I realize that in the face of pandemic illness and death, this was not the world’s most immediate concern, but it was on the list of overall human concerns.

Because theater is in our genes. We are poorer without it. Theater entertains and edifies and enlightens us. The history of live theater is long and storied, from the Greek tragedies to the medieval morality plays, from Shakespeare’s peanut gallery to New York’s Broadway and every theater troupe in between.

I like to imagine that even before recorded history there were prehistoric stand-up comics, Neanderthals who labored to entertain a tough audience. We love the process of performance: We perk up when Mickey Rooney and Judy Garland, in their backyard musicals, decide to “put on a show!” We tap our feet to Gene Kelly’s immortal “Gotta Dance!” routine. We get it. We gotta do it, too.

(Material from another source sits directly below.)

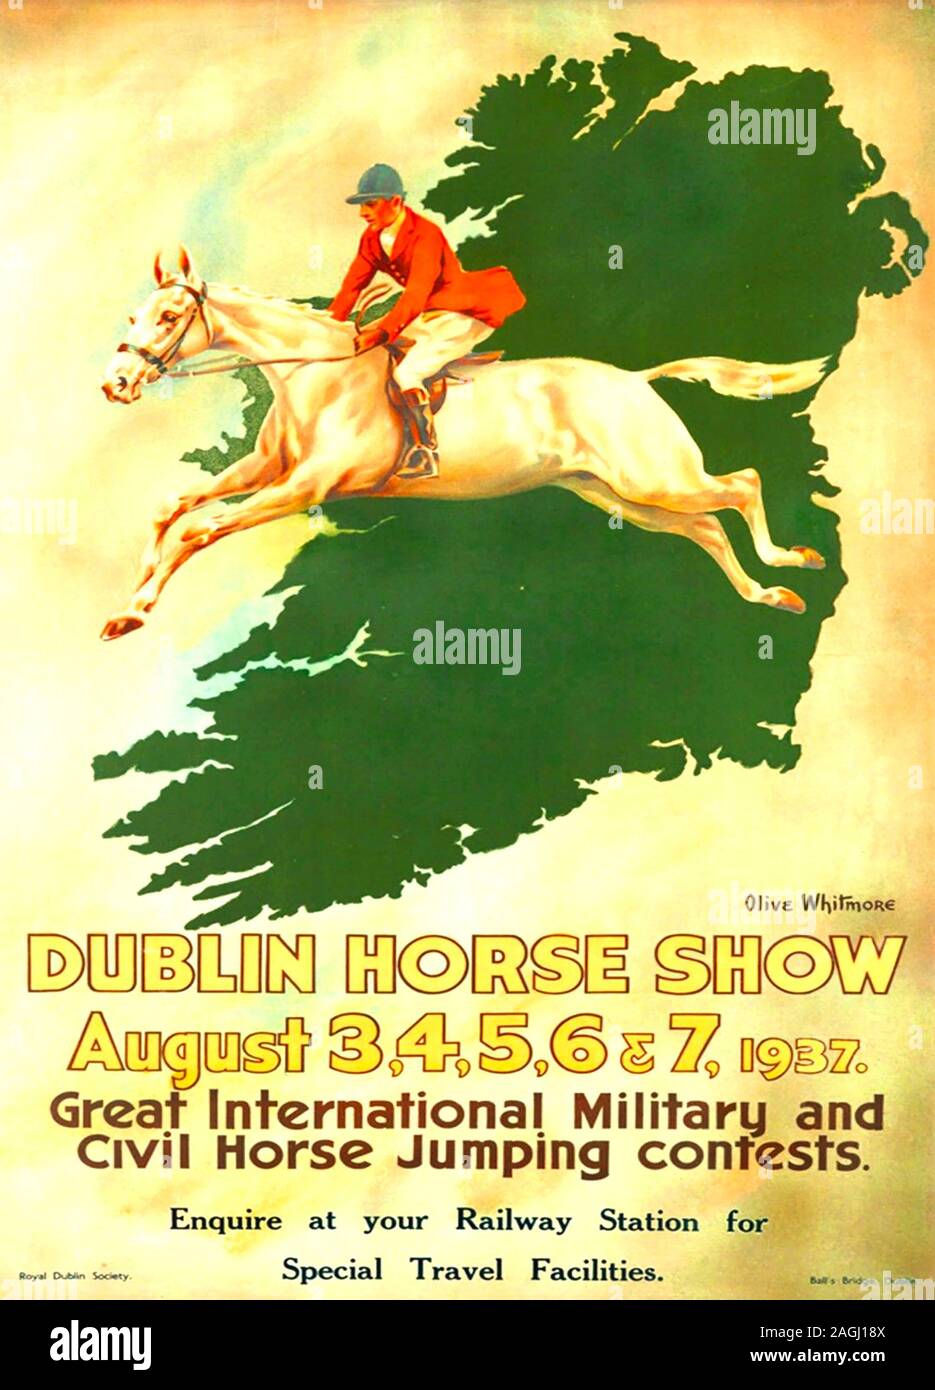 DUBLIN HORSE SHOW POSTER 1937 Banque D'Images

Along with the urge to put on a show, spectatorship is an innate inclination. Think of how we stop cold to watch events unfolding in real life, from mimes on a street corner to traffic accidents. We are ready observers. Movies, TV and the internet allow us to re-watch the performances we especially love, but live theater, with its alchemy between actors and audience, is a unique and fresh experience every time it happens.

And it’s back. What joy!

At OSF, we had to show our COVID vaccination certificates to see “Fannie,” and the seating provided for social distance in the outdoor theater, but we got to see a live play. Concerts and other performances are being scheduled and rescheduled around the country. While the future of the country’s progress against the further spread and mutation of COVID is uncertain, right now fully vaccinated people are able to revel in the return of performing arts.

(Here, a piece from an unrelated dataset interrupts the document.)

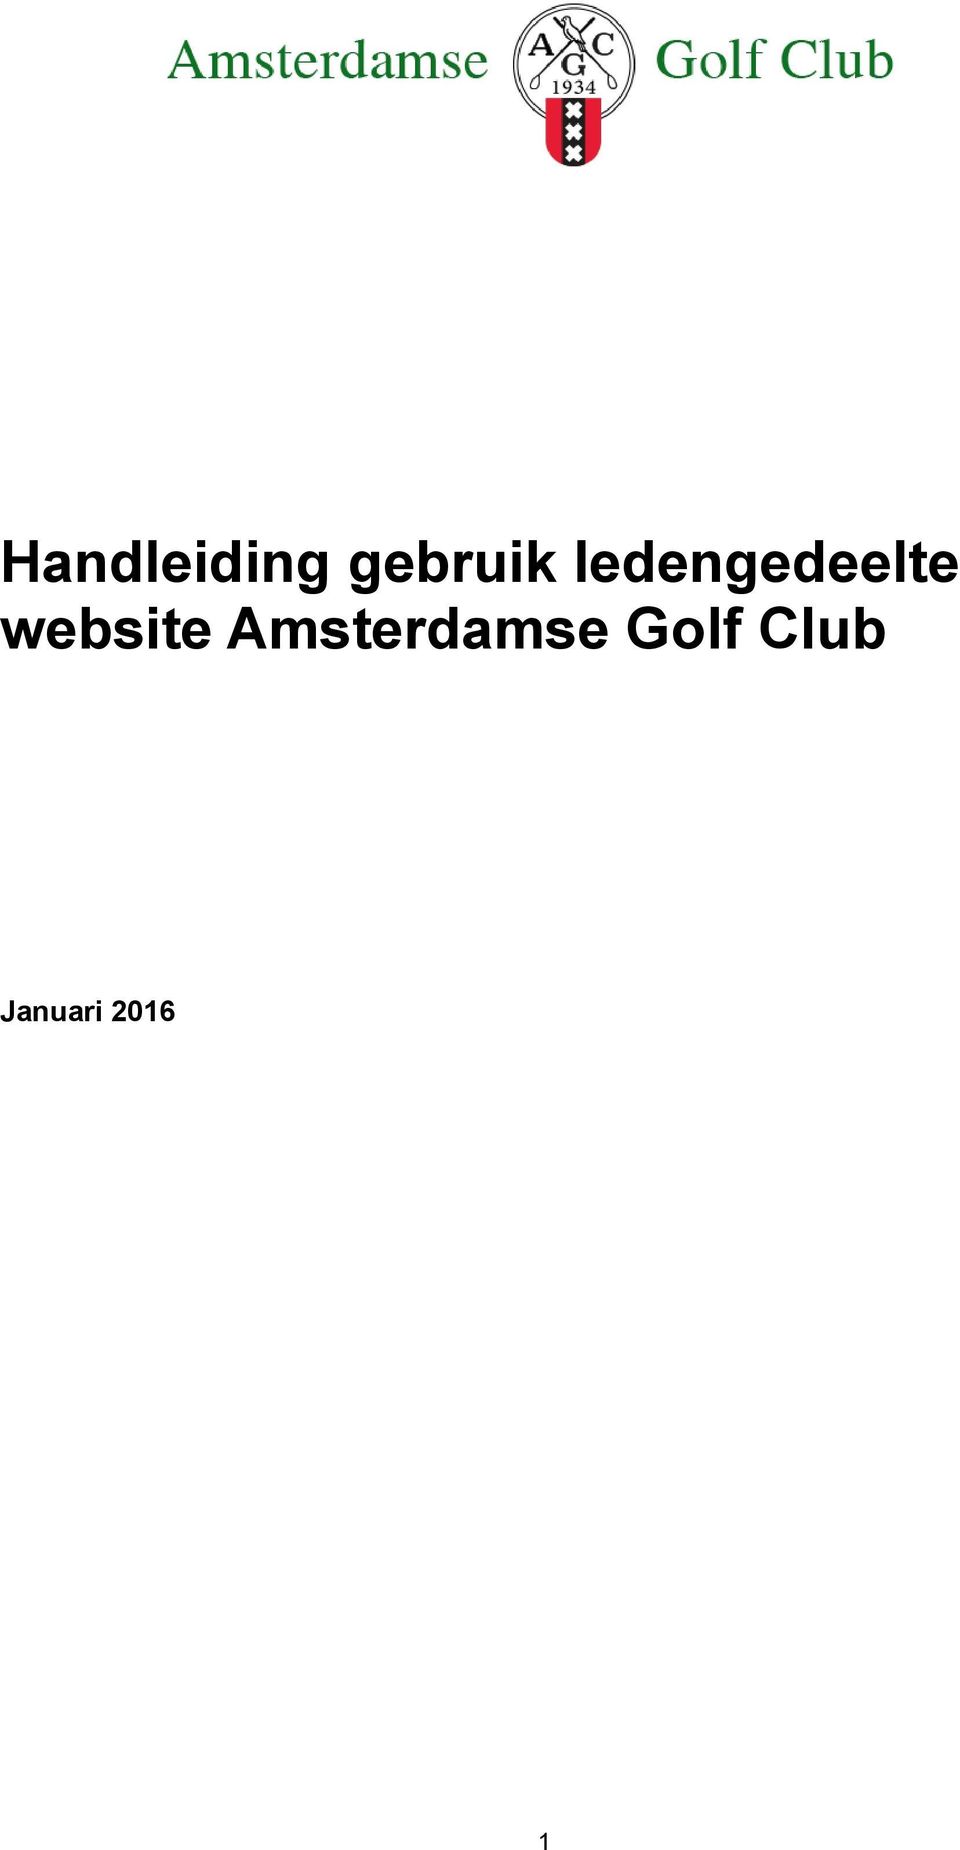 website Amsterdamse

“Fannie” was mounted as a traveling show on a flatbed truck in Chicago’s parks last fall and is currently being reincarnated in several American cities. The play is perfect for the moment: Its story of the fight for equal access to voting rights could not be a more pertinent message for today’s audiences. If the previously unknown story of a compelling character can move an audience toward empathy, “Fannie” accomplishes this beautifully.

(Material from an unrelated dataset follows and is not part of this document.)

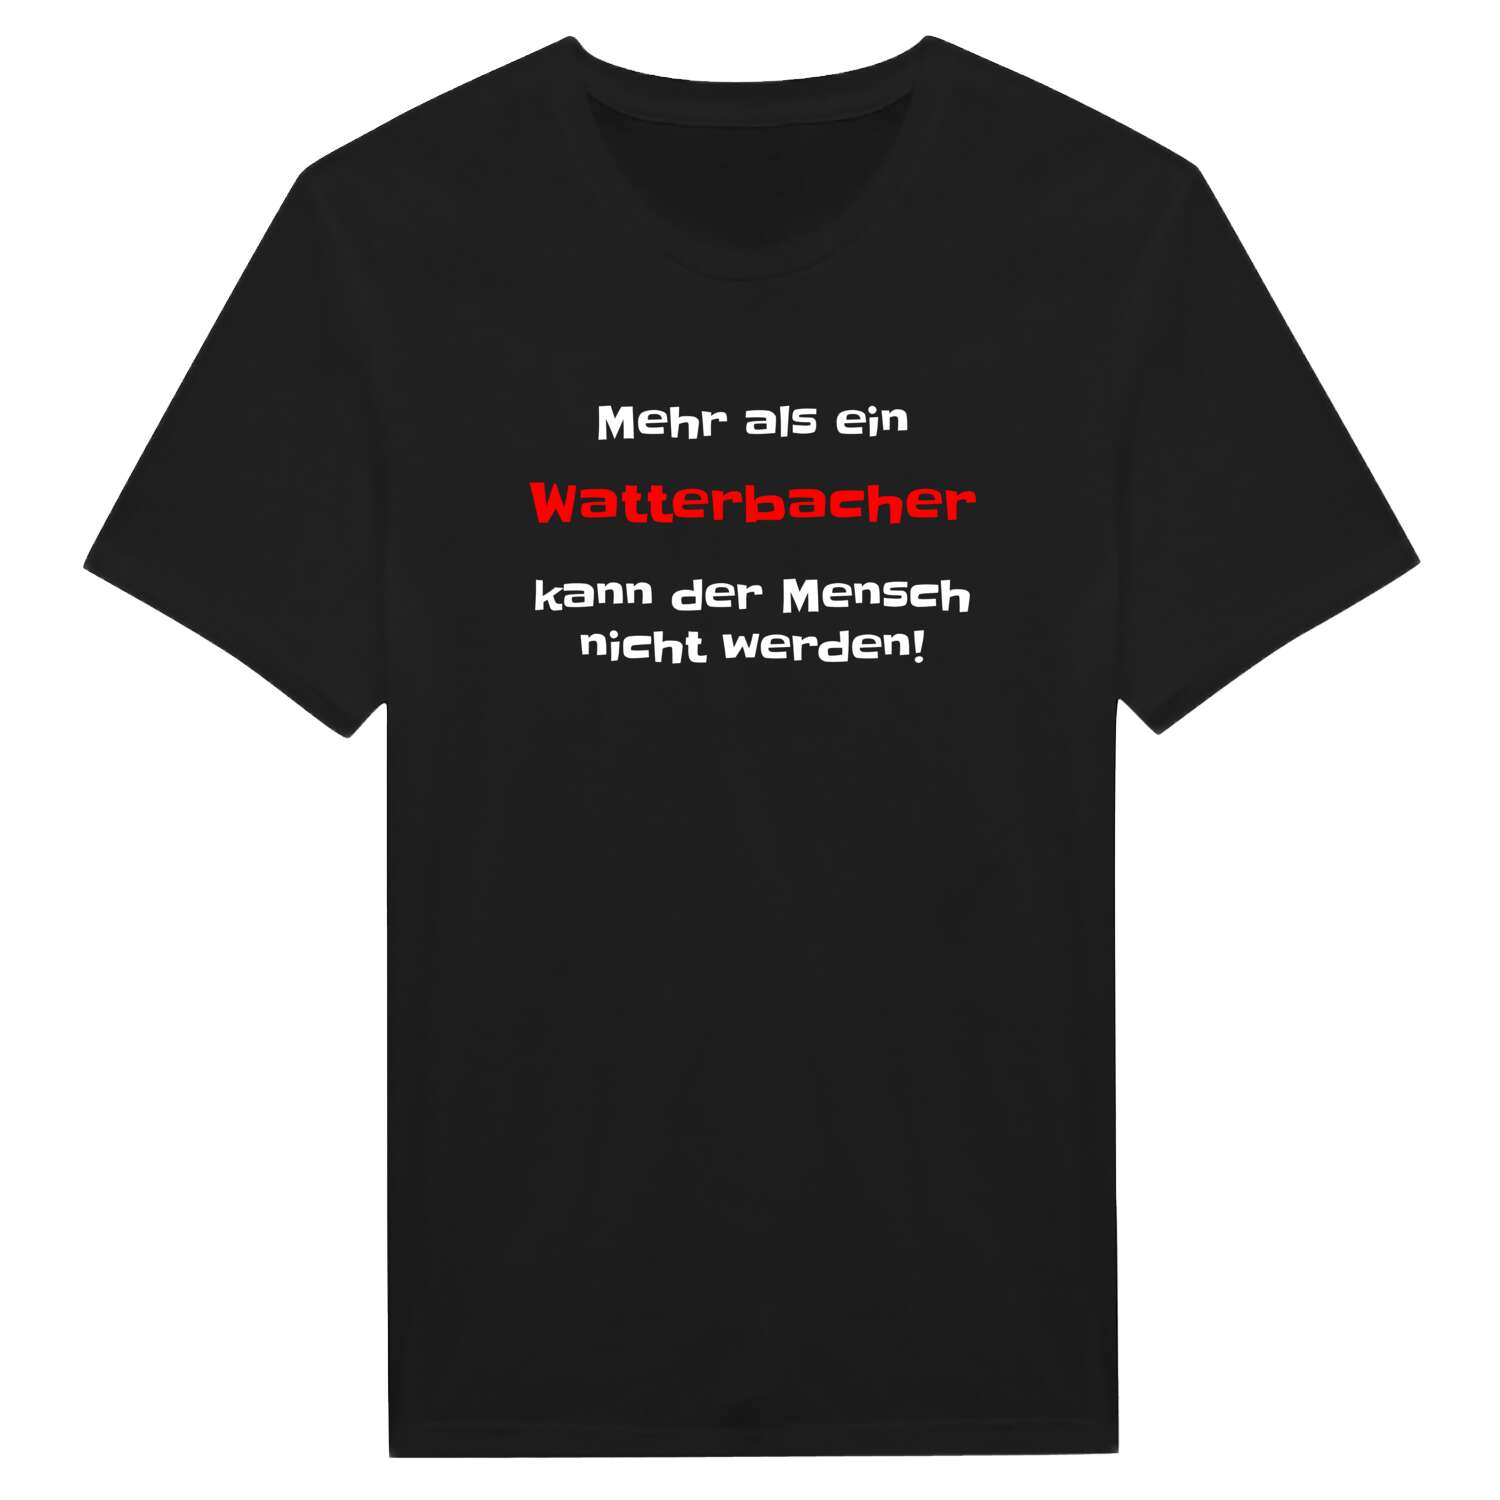 Watterbach T-Shirt »Mehr als ein«

In the OSF production, E. Faye Butler inhabits Fannie Lou Hamer in a way that brings us insight into her spirit, her sacrifice and her accomplishments in the face of daunting odds. Butler makes us cheer for Fannie and suffer for Fannie, even as she coaxes us to sing with one voice with Fannie. She also carries us to the recognition that Fannie’s work is ongoing.

The pandemic has shown us that normal life can disappear in a heartbeat, and a grim new normal can deprive us of all we have taken for granted, all we cherish, even our livelihoods and our loved ones. A cautious return to anything that was once familiar is cause for joy. Along with the return of theater, I find I am grateful for this year’s every small grace.